What to do
Starting with the line that has "Blick während des" and finishing with the line that has "A Praça dos", set down each line below exactly. Pictures are not copied.

*** Opening Record extracts ***

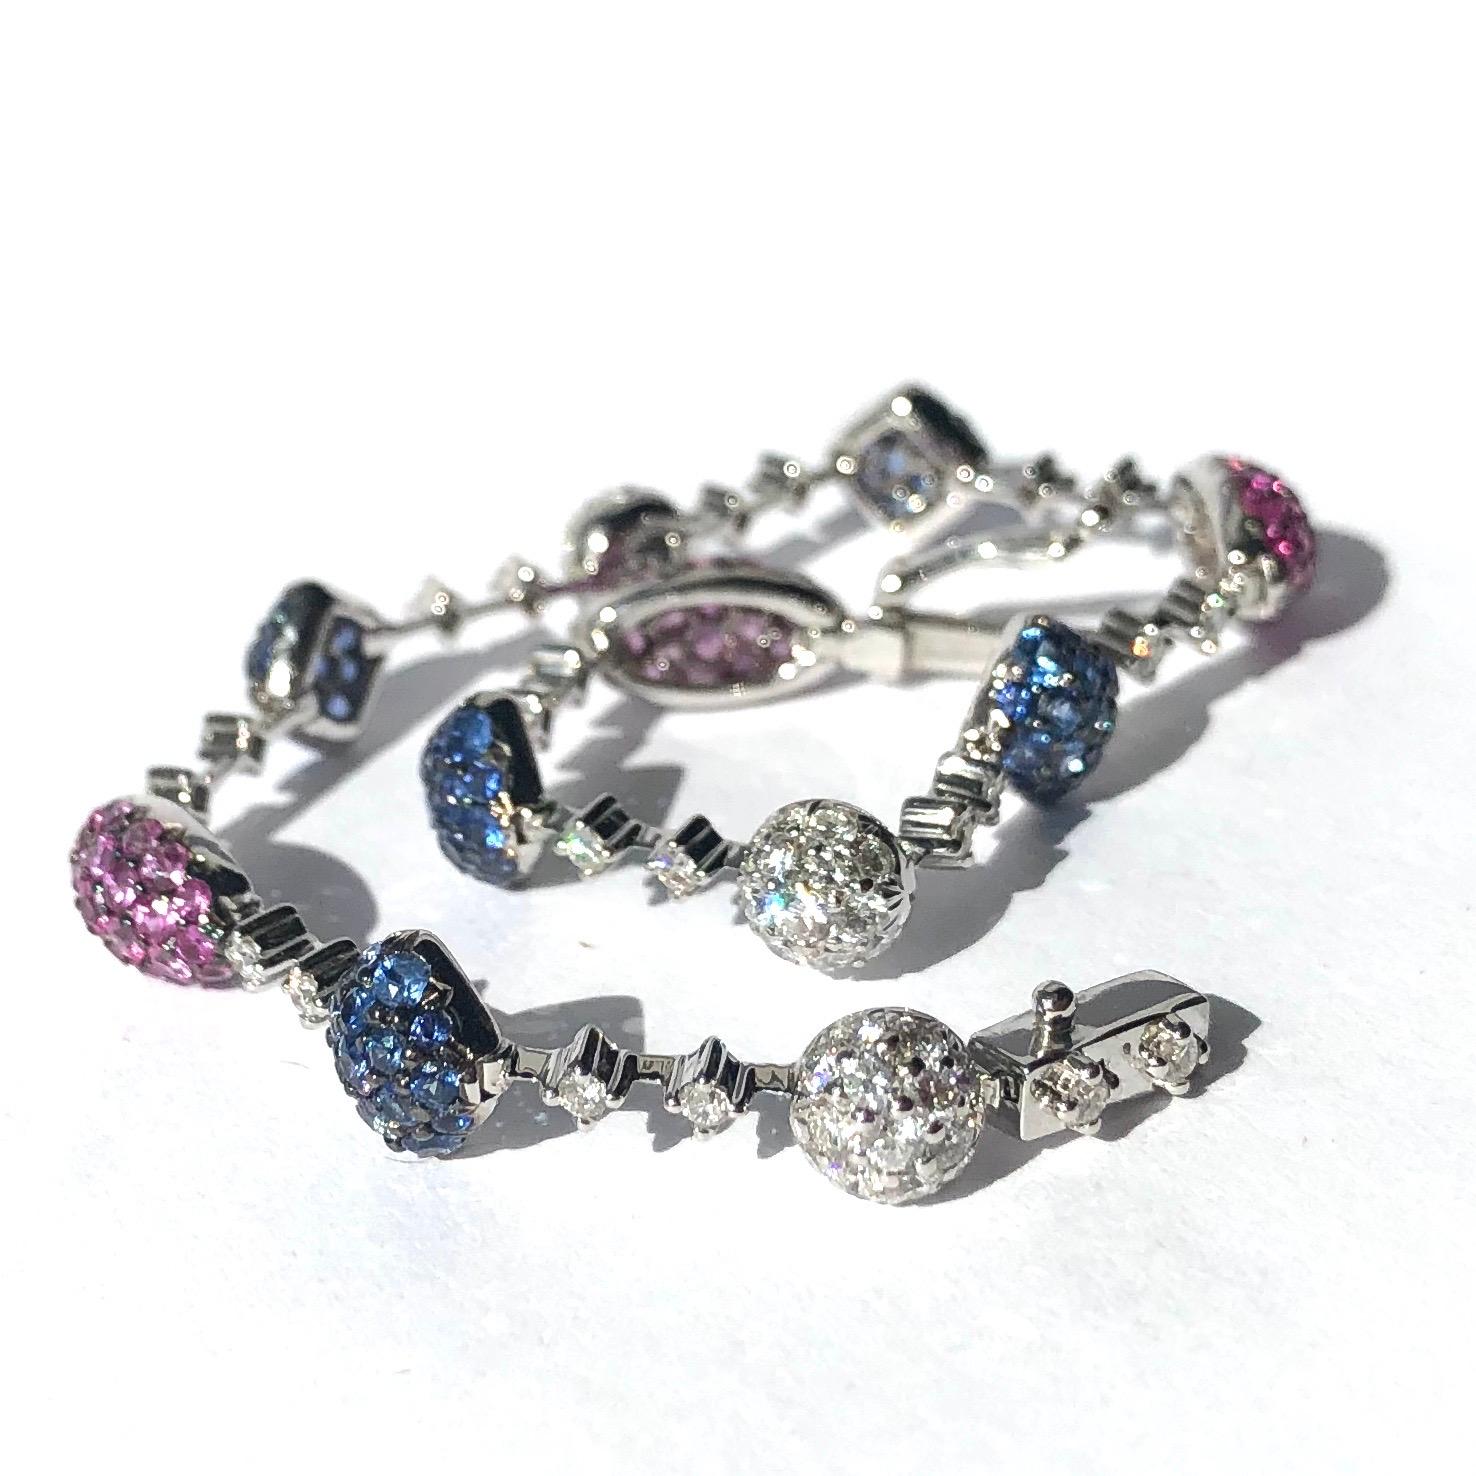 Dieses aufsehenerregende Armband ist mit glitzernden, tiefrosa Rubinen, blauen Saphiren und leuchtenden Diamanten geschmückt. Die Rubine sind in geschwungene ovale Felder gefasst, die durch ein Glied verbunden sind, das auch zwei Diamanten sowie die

*** Closing Record extracts ***
*** Opening Record extracts ***

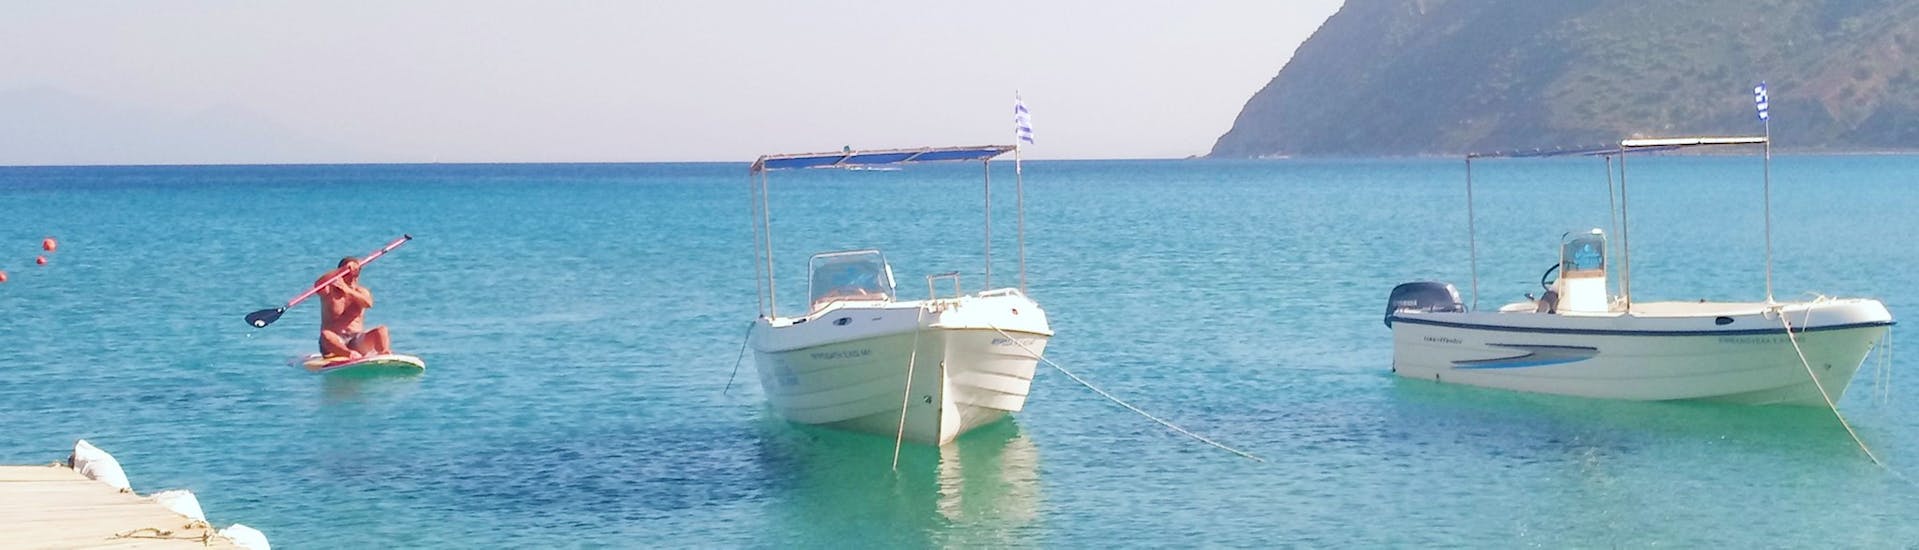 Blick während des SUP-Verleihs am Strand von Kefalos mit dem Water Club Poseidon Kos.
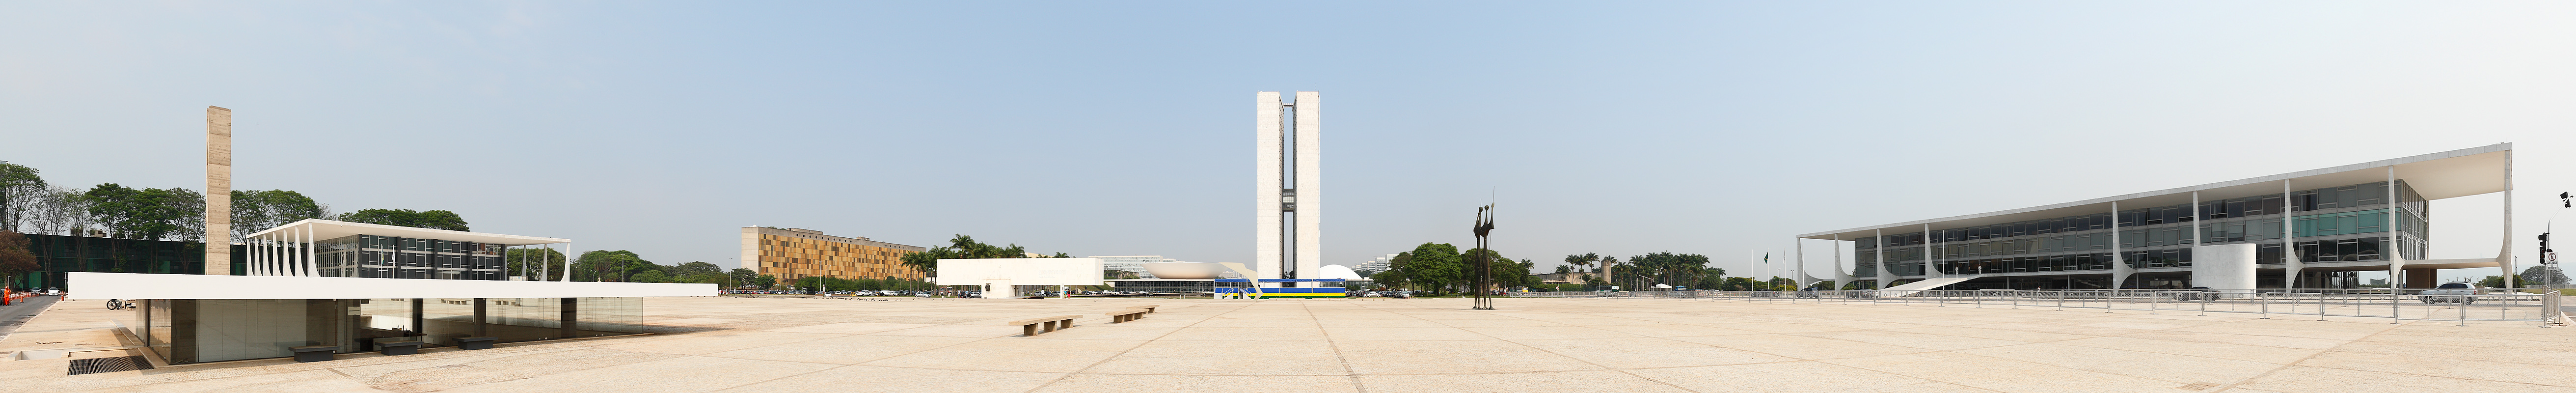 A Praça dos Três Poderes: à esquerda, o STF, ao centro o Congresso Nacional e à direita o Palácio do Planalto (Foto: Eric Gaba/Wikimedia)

*** Closing Record extracts ***

Answer space
 Blick während des SUP-Verleihs am Strand von Kefalos mit dem Water Club Poseidon Kos.
 A Praça dos Três Poderes: à esquerda, o STF, ao centro o Congresso Nacional e à direita o Palácio do Planalto (Foto: Eric Gaba/Wikimedia)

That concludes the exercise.